Ich werde panisch und merke wie eine Gestalt sich ins Wohnzimmer gesellt. Ich blicke direkt in die Augen von Kaan, die mich auch sofort ansehen. Seine Augen werden groß und er scheint sichtlich schockiert zu sein, mich hier zu begegnen.

Schnell tue ich meinen Zeigefinger auf meinem Mund, als Zeichen das er nichts sagen soll und mache eine Handbewegung nach draußen, damit mein Bruder mich nicht auch erblickt. Er scheint sofort zu verstehen, was ich meine und nickt zögernd.

"Ey Kerem ich hab was im Auto vergessen, holst du es mir?" ruft er ihm zu und entfernt sich langsam vom Wohnzimmer.

"Warum holst du es dir nicht selber?" erwidert Kerem.

"Hol du doch, du bist näher dran" diskutiert er mit ihm und ich verkneife mir ein leises Kichern.

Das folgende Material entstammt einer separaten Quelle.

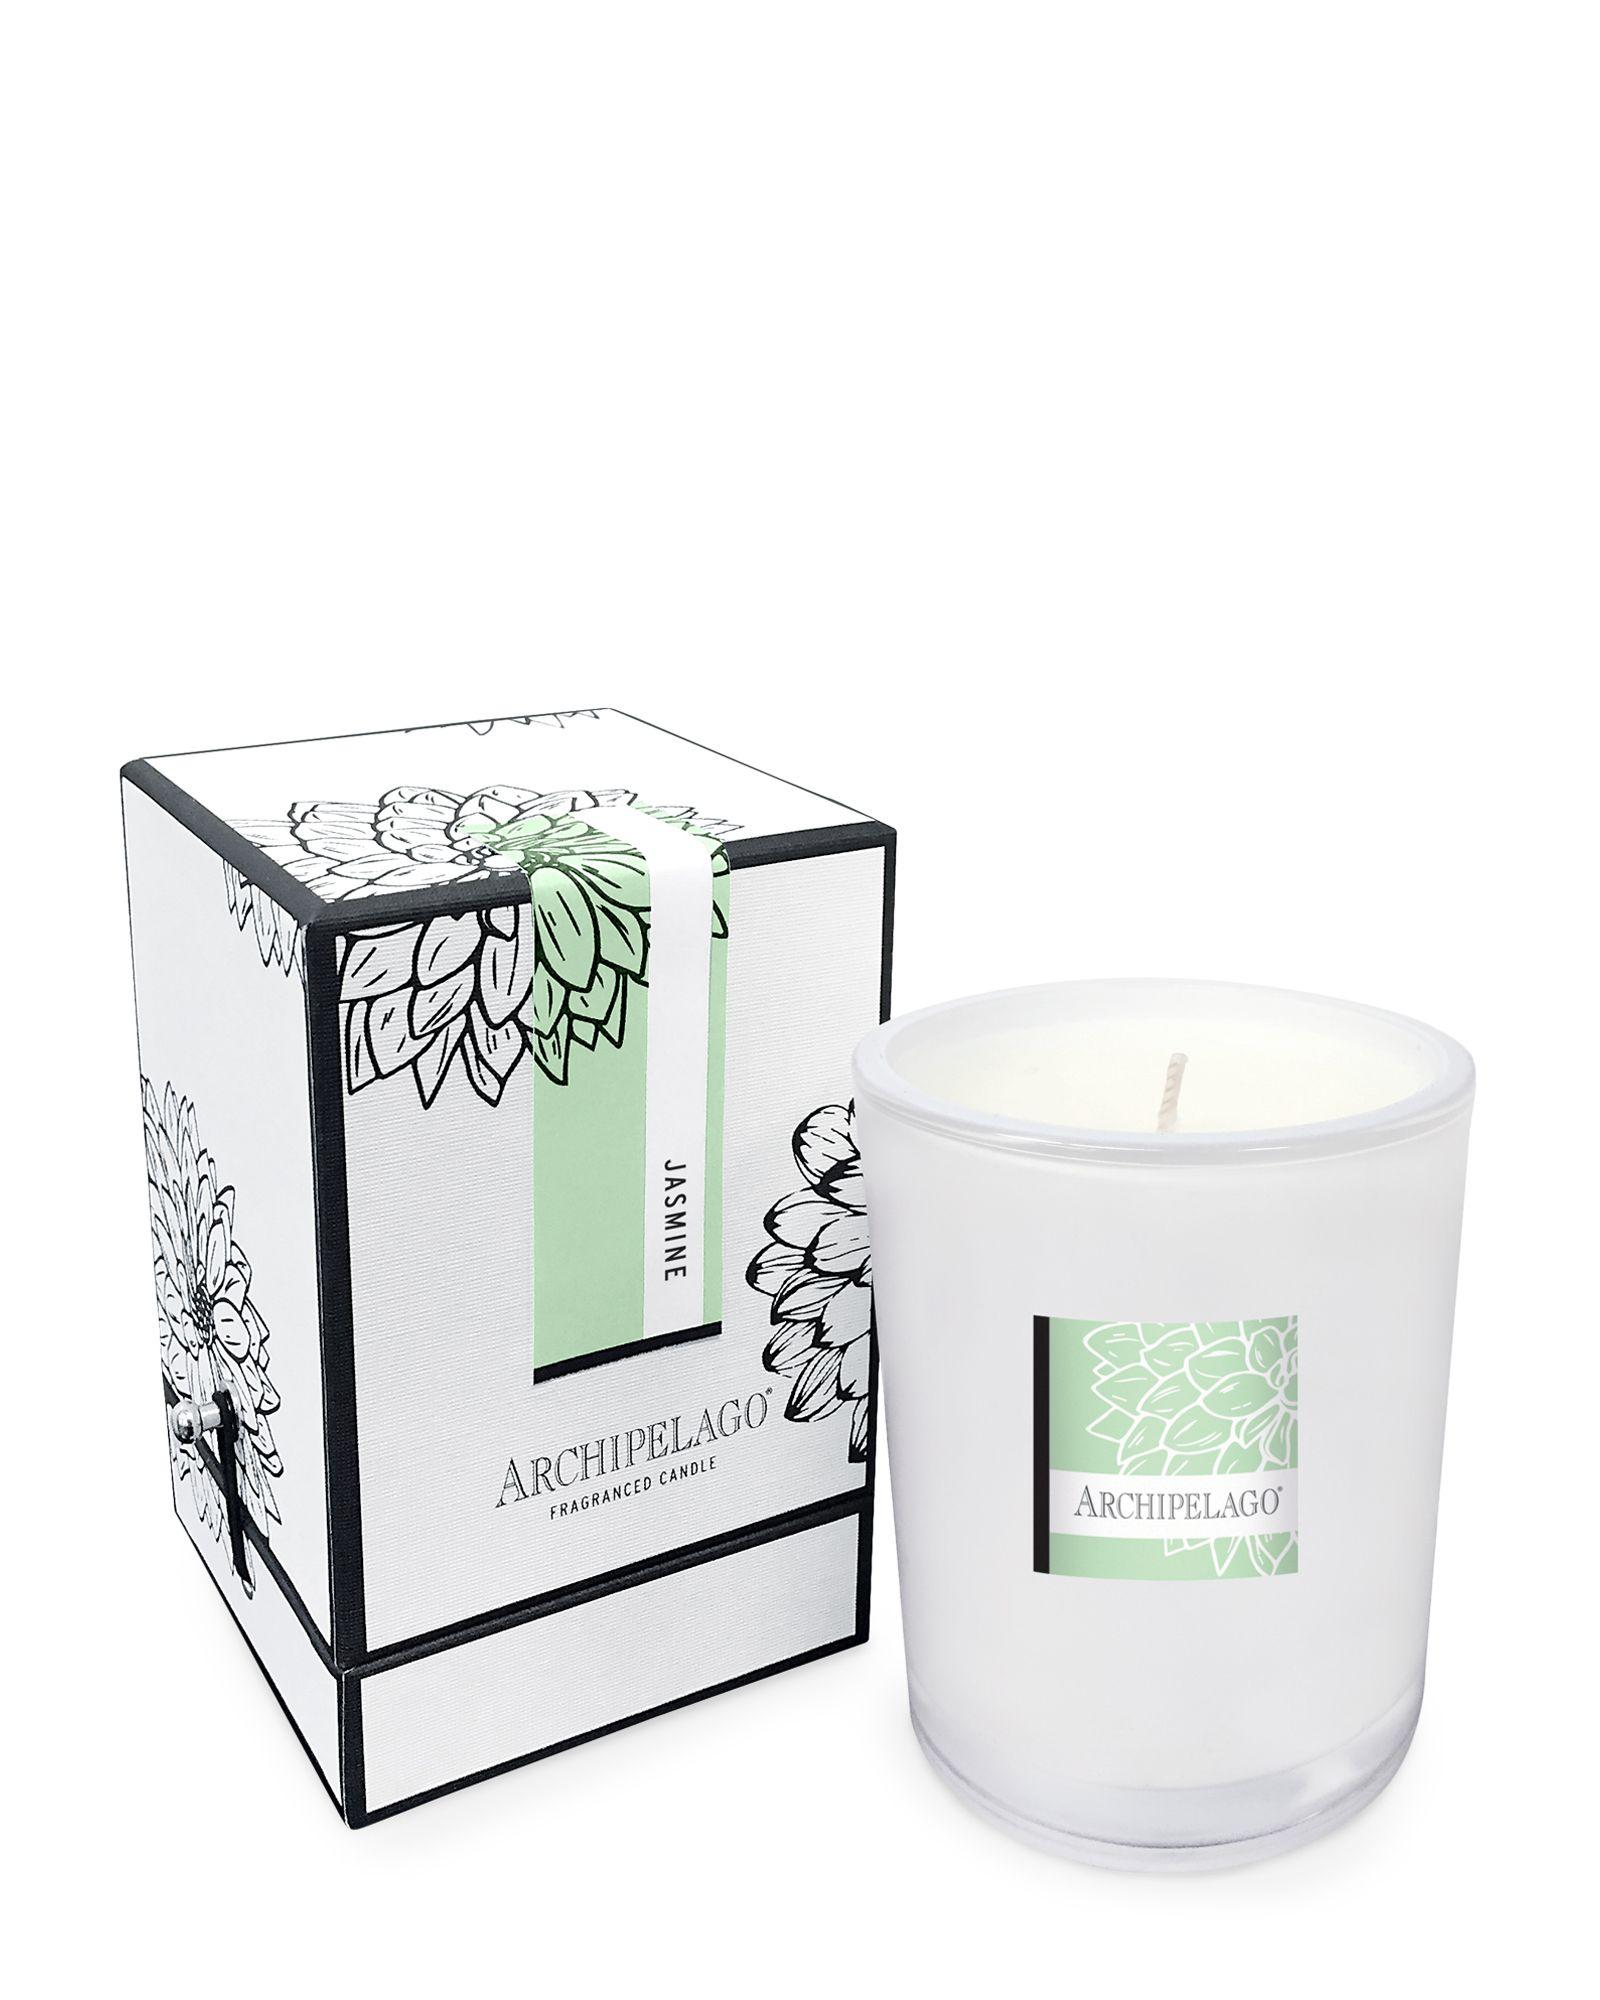 Archipelago Jasmine Hand-Poured Candle

Wie ich diese Diskussionen unter Freunden oder Geschwistern zu gut kenne.. Ich vermisse so sehr die alten Zeiten und verfluche wieder Cem und Emir dafür, dass sie mir mein altes Leben aus den Händen gerissen haben.

"Was ein Konter echt, aber da ich nett bin hol ich es. Was hast du vergessen?" gibt Kerem nach.

"Meine Portmonee" sagt Kaan schnell und ich höre nur noch wie die Haustür geöffnet und wieder geschlossen wird.

Erleichtert atme ich aus und höre Schritte, die sich wieder dem Wohnzimmer nähern. Kaan steht jetzt dicht vor mir und blickt mich einfach nur stumm an. Ich werde nervös und frage mich was er wohl denkt. Wird er mich abstoßen? Vielleicht will er mich gar nicht hier haben und verpetzt mich Kerem?. Oder auch er beleidigt mich und lässt seinen Hass raus.

Ehe ich mir noch mehr Gedanken darüber machen kann, spüre ich schon wie zwei starke Arme meinen zierlichen Körper umschließen. Ich reiße leicht geschockt die Augen auf und bin erstarrt. Ich hätte mit allem gerechnet, aber nicht mit so einer Reaktion. Nicht mal Elif hat mich umarmt..
Langsam schließe ich auch meine Arme um seinen Körper und fühle mich geborgen. Ich habe mich lange nach einer Umarmung gesehnt, die ich endlich bekomme. Ich schließe für einen kurzen Moment die Augen und genieße den Moment.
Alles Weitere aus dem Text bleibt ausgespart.